Let’s suppose we have this repository dependency tree:

Image 1: Drools’ repository dependency tree

This is already a complex-enough repository dependency tree and some interesting scenarios can happen during development. But before we break down these scenarios and explain what we should be doing on each of them to verify that a PR is good and does not break anything, let’s define some important concepts.

First of all, if you’re building a repository that depends on the development versions of other repositories, you should be building these repositories. These dependency-repositories are called UPSTREAM repositories.

Also, if the repository you’re building is one of those repositories and there are repositories depending on the development version of your repository, you should be building those repositories as well. These repositories that depend on yours are called DOWNSTREAM repositories.

Lastly, let’s call the repository you’re building the CURRENT repository. So to summarize, the build order should always be:

UPSTREAM → CURRENT → DOWNSTREAM

Now let’s imagine these different scenarios:

  1. New PR on drools
    • CURRENT: drools
    • UPSTREAM: none
    • DOWNSTREAM: all others
  1. New PR on optaplanner
    • CURRENT: optaplanner
    • UPSTREAM: drools
    • DOWNSTREAM: optaweb-employee-rostering, optaweb-vehicle-routing, and droolsjbpm-integration
    • Note: Since jbpm and kie-jpmml-integration are dependencies of DOWNSTREAM repositories, they are also considered UPSTREAM.
  1. New PR on optaweb-vehicle-routing
    • CURRENT: optaweb-vehicle-routing
    • UPSTREAM: drools and optaplanner
    • DOWNSTREAM: none
    • Note: All the other projects are completely unrelated to this change and can be ignored.
  1. New cross-repo PRs on drools and jbpm
    • CURRENT: drools and jbpm
    • UPSTREAM: none
    • DOWNSTREAM: all others
    • Note: This is a special case where we have two CURRENT repositories. In practice, this will result in two separate checks, where we have drools as CURRENT on one check, and jbpm as CURRENT and drools as UPSTREAM on another.
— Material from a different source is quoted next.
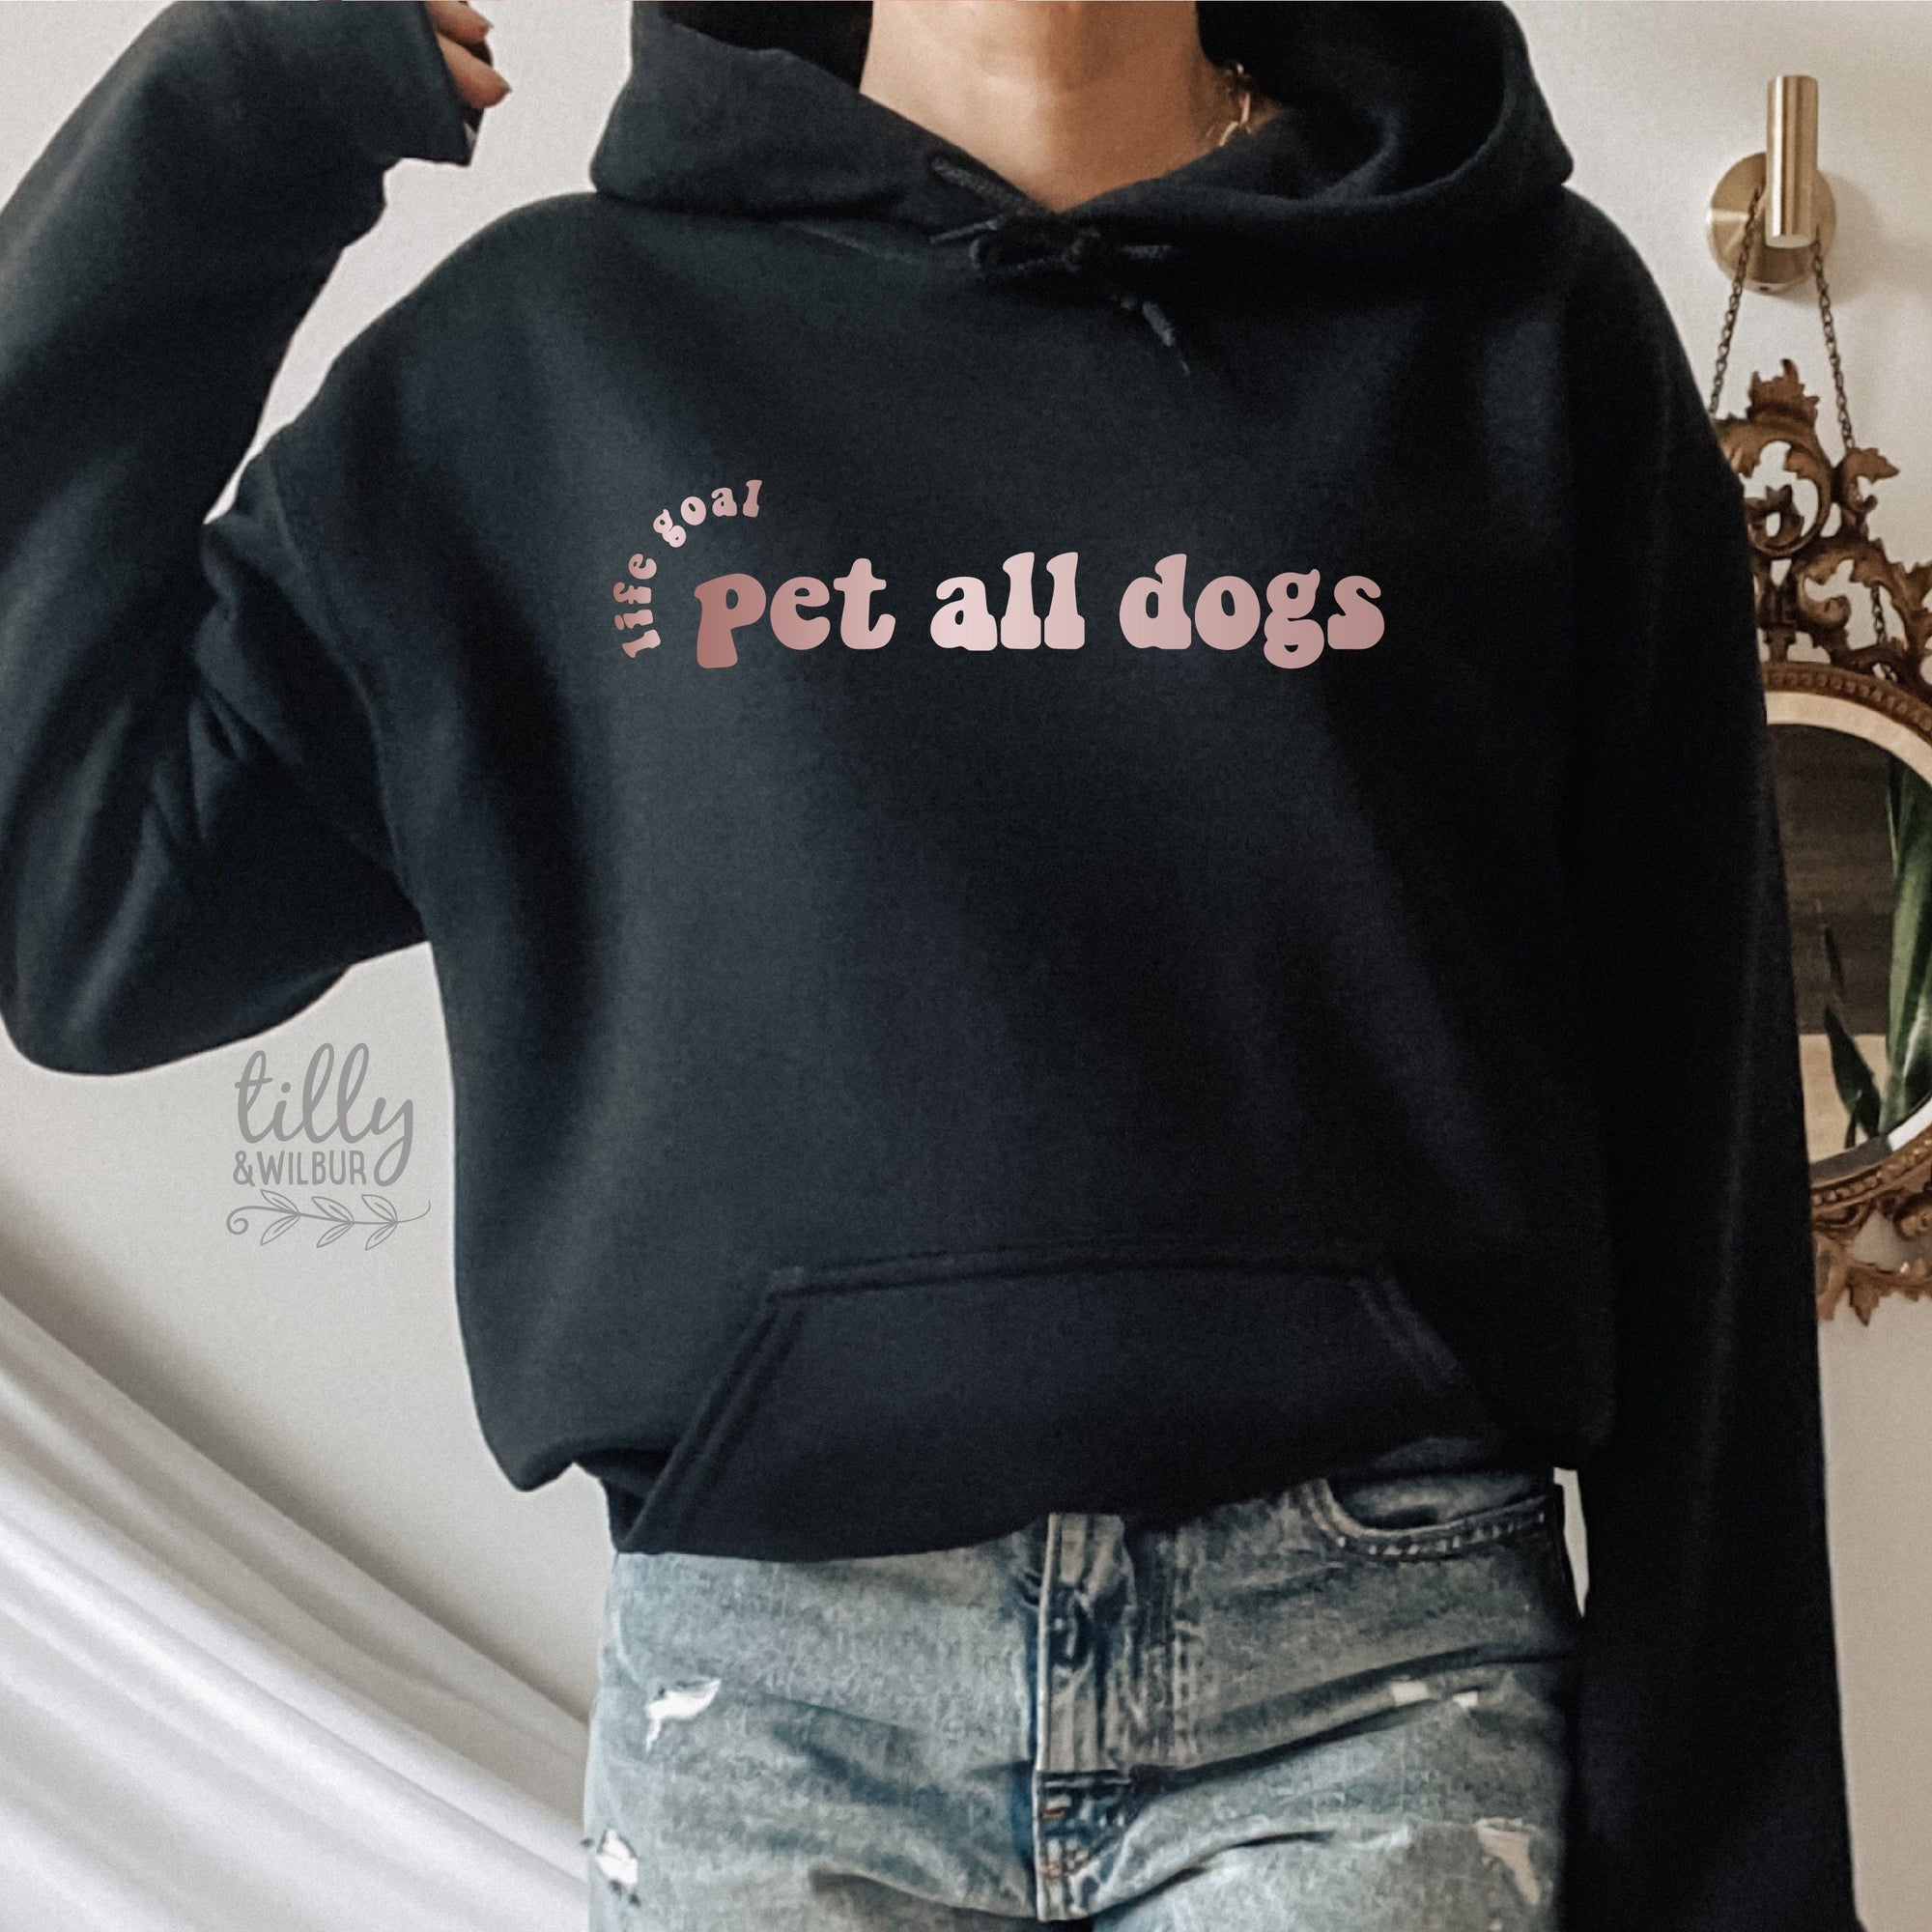 Life Goal Must Pet All Dogs Hoodie, I Love Dogs Women's Sweatshirt, Funny Jumper, I Love Dogs T-Shirt, Funny Women's T-Shirt, Gift For Her

As developers, we are only concerned with the effects of our changes in CURRENT and DOWNSTREAM projects, since we always assume that UPSTREAM projects are working fine. Since we depend on development versions of our UPSTREAM projects, it can be that a recent change in combination with our change breaks something, but that should appear on the tests as well, so nothing too concerning here.

Now that you understand the problem, let’s see what can be done with GitHub Actions Workflows alone.

Solving it with plain GitHub Actions Workflows

The easiest and simplest way to solve it would be to create a new GitHub Action Workflow for every repository we want to cover. Something like:

on: [pull_request]
jobs:
  build:
    runs-on: ubuntu-latest
    strategy:
      matrix:
        projects: ["drools", "jbpm", "kie-jpmml-integration", "optaplanner", "droolsjbpm-integration", "optaweb-employee-rostering", "optaweb-vehicle-routing"]

    steps:
      - name: "Checkout ${{ matrix.projects }}"
        uses: actions/checkout@v2
        with:
          repository: kiegroup/${{ matrix.projects }}
          ref: # Somehow we get the branch to checkout from env variables

      - name: "Setup Java for ${{ matrix.projects }}"
        uses: actions/setup-java@v1
        with:
          java-version: 1.8

      - name: "Execute Maven for ${{ matrix.projects }}"
        run: # mvn whatever goals and profiles...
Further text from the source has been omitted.